Keynote #2: The Journey to Libra Blockchain Core and Beyond Dahlia Malkhi, Research Lead at Calibra (USA) July 1 @ 15:00 - 15:40 (CEST)
At the core of cryptoeconomic systems like Libra is a mechanisms for 'agreeing' on a history of payment transactions. The journey to practical and robust solutions is accelerated by the drive to great inclusive financial services. This talk sheds light onto the efforts that led to the design of Libra's blockchain core and provides a glimpse on next steps.
Dahlia Malkhi is an applied and foundational researcher in broad aspects of distributed systems technology. Currently, she is a research lead at Calibra, where she is working on advancing the Libra technology. She is a co-inventor of HotStuff; co-founder and technical lead of VMware blockchain; co-inventor of Flexible Paxos, the technology behind Log Device; creator and tech lead of CorfuDB, a database-less database driving VMware’s NSX-T distributed control plane; and co-inventor of FairPlay project.
Dahlia is an ACM Fellow, 2011. She joined Calibra in June 2019 as a research lead. In 2014, after the closing of the Microsoft Research Silicon Valley lab, she co-founded VMware Research and became a Principal Researcher at VMware until June 2019. From 2004-2014, she was a principal researcher at Microsoft Research, Silicon Valley.
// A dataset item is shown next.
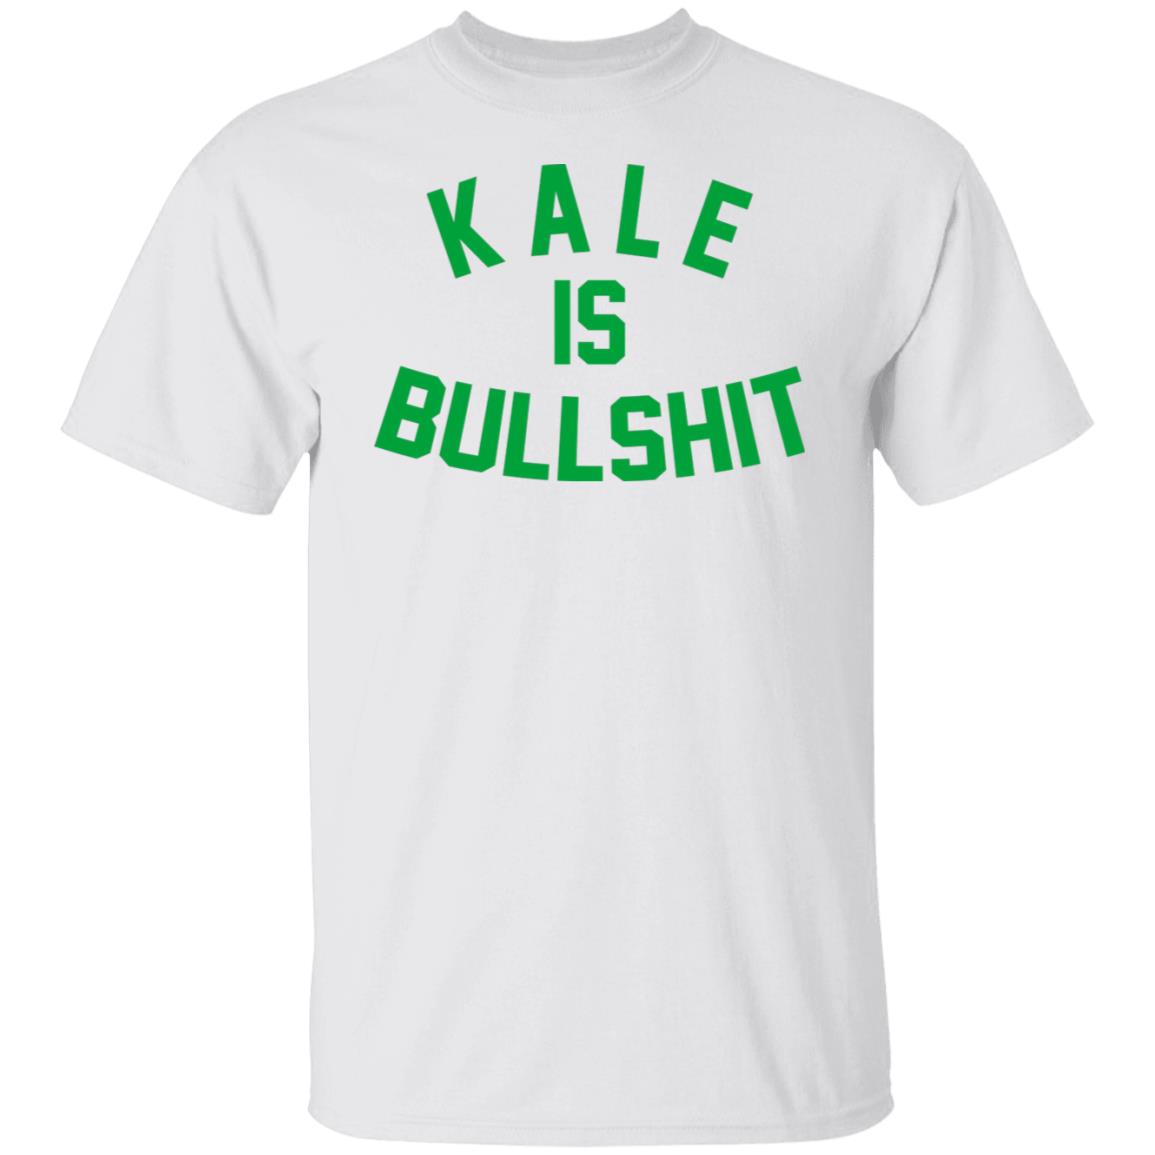 Kale is bullshit shirt

From 1999-2007, she was a tenured associate professor at the Hebrew University of Jerusalem, and from 1995-1999, a senior researcher at AT&T Labs, NJ.
Keynote #3: Guaranteeing acceptable levels of performability in modern interconnection networks despite congestion Jose Duato, Member of the Spanish Royal Academy of Sciences and Professor of Computer Architecture, Universitat Politècnica de València (Spain) July 2 @ 15:15 - 15:55 (CEST)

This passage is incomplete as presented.